The origins of Bevis Marks lie with the first generations of crypto-Jews, Marranos, warily making their way back to Britain, largely from Spain and Portugal via Amsterdam, some 400 years after the expulsion of the late 1200s. Reestablishing their presence, initially under the relatively tolerant rule of Oliver Cromwell, they gradually felt sufficiently secure to more publicly assert their faith, but nonetheless sited this house of worship a short distance from the Tower of London, where they might be afforded royal protection if matters changed for the worse. (About the name: Land in the area was once owned by the abbots of Bury St. Edmunds; Bury’s Mark evolved into Bevis Marks.)

Taking shape just as the Great Plague and Great Fire had ravaged this area and much of London, the Bevis Marks Sephardi community has somehow managed to survive ever since, sometimes by the skin of its teeth: Local Jews moved out of the East End of London to more prosperous areas, leading to pressure for a narrowly averted sale of the synagogue in the 1880s; it suffered minor damage in the Nazi blitz and in a nearby IRA bombing 30 years ago; at the height of the COVID pandemic, only the rabbi, Shalom Morris, who lives on the premises, was reliably present for Shabbat prayers — single-siddur–edly maintaining those 300 years of worshipful continuity.
Now, though, Bevis Marks is preparing to show itself more prominently to the world, to Jews and non-Jews.
As Morris escorted me around last week, restoration work — relating to the synagogue’s electric system, some water damage, brickwork and broken benches — was nearing completion. In full swing, though, to the right of the entrance, was the construction of a visitors center — patron Prince Charles. It is set to open next summer, telling the story of the community, and the wider tale of Jewish resettlement, to the great British public, school groups emphatically included. What was once a coal tunnel beneath the synagogue, says Morris, will become a gallery for Bevis Marks’ own collection: marriage records dating back through the centuries, vestments, Torah bells, some of these items not seen for a century or more.
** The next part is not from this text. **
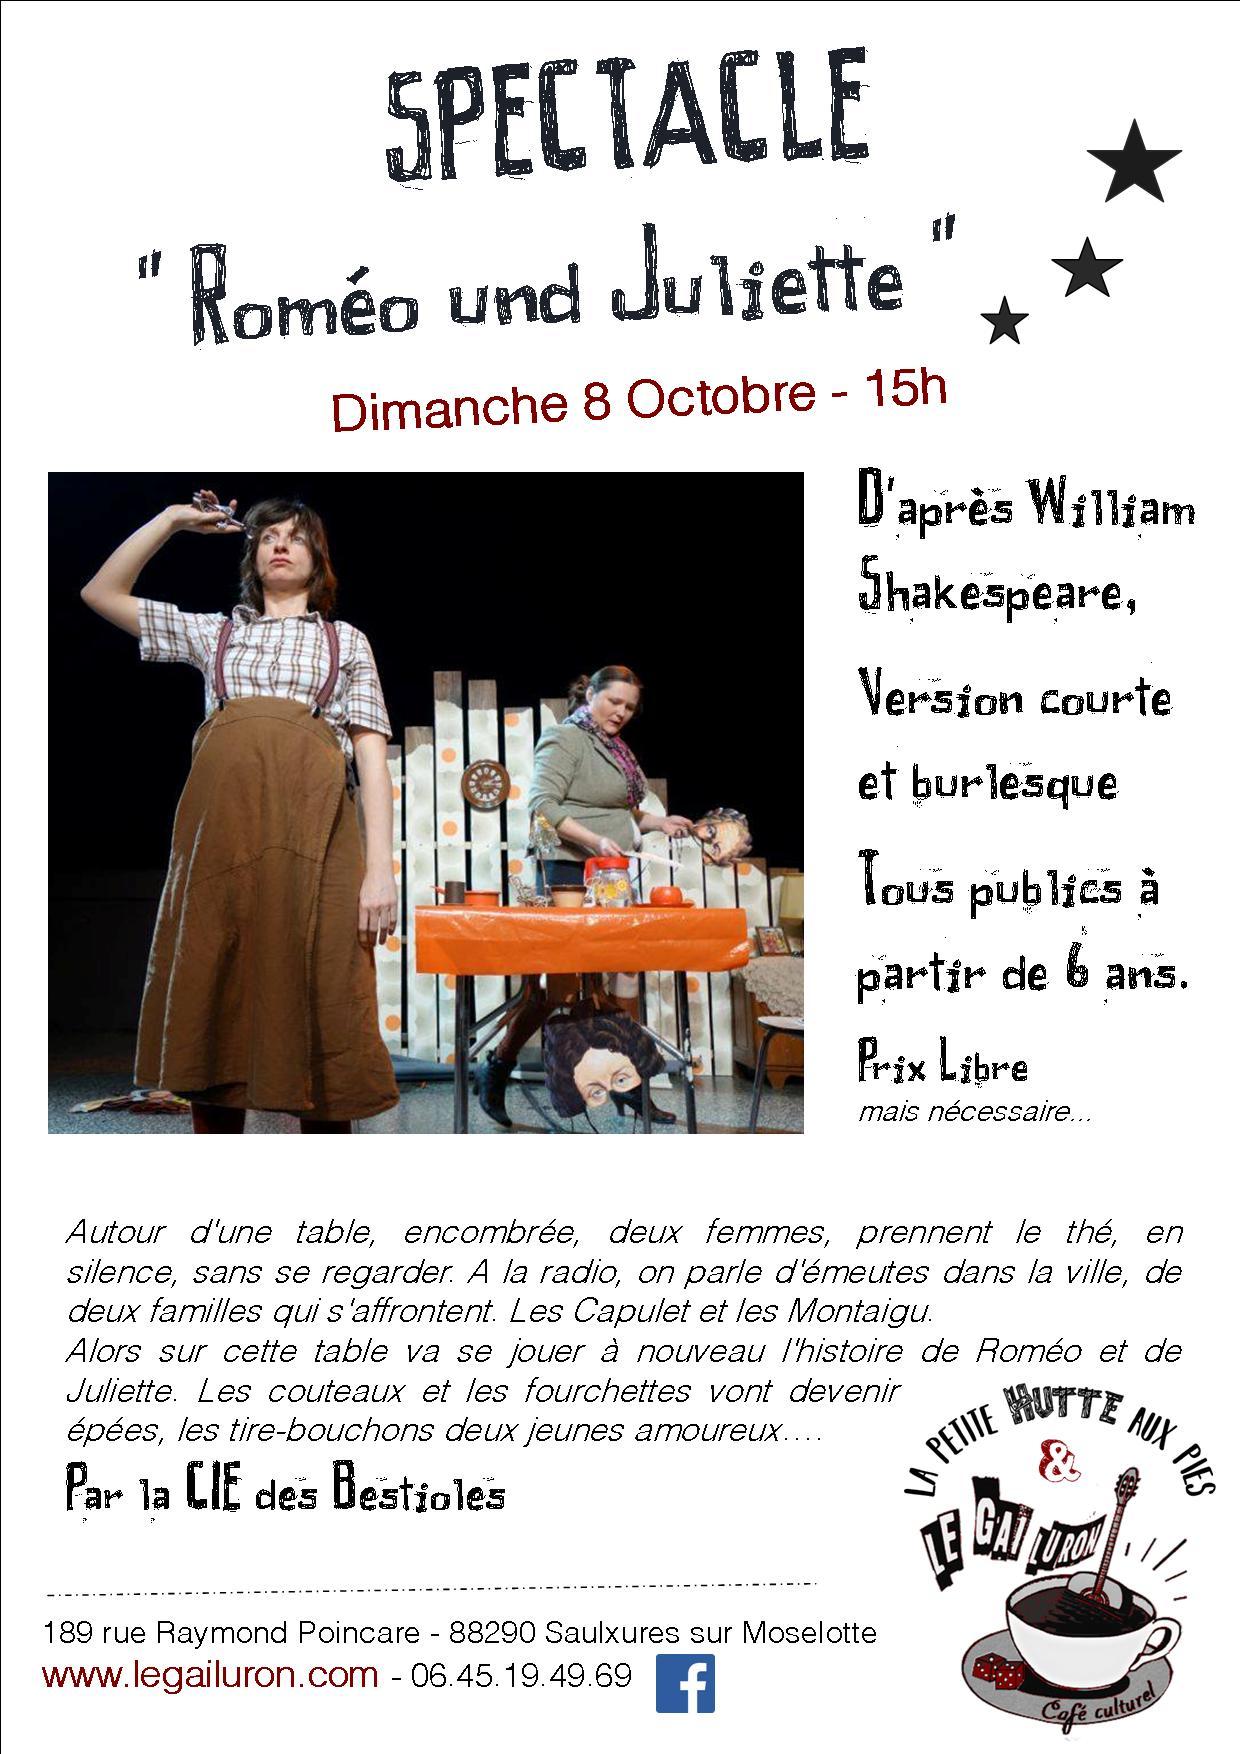 spectacle Romeo und juliette

American-born Morris, the first rabbi here for a century, hopes the new publicity will help Bevis Marks grow as a community; it currently has about 200 members, drew about 300 people for Yom Kippur services in the years before COVID, and just about managed a daily minyan. He also believes it will become “one of the prime places in the world for Jews to visit, a world heritage site for Judaism — for its continuity, its history.”
At front left inside the shul, Morris carefully lifts a painter’s dustsheet off the seat near the ark where longtime Bevis Marks member Sir Moses Montefiore would sit. Nowadays, the seat is kept empty, offered only to the most esteemed of visiting dignitaries. Prince Charles sat here in 2001, attending a service to mark the synagogue’s tercentenary. So, too, Tony Blair, when he visited as prime minister. Morris hopes to be hosting more VIPs — he mentioned Israel’s chief rabbis — as the story of Bevis Marks, its survival and significance, starts to resonate more widely.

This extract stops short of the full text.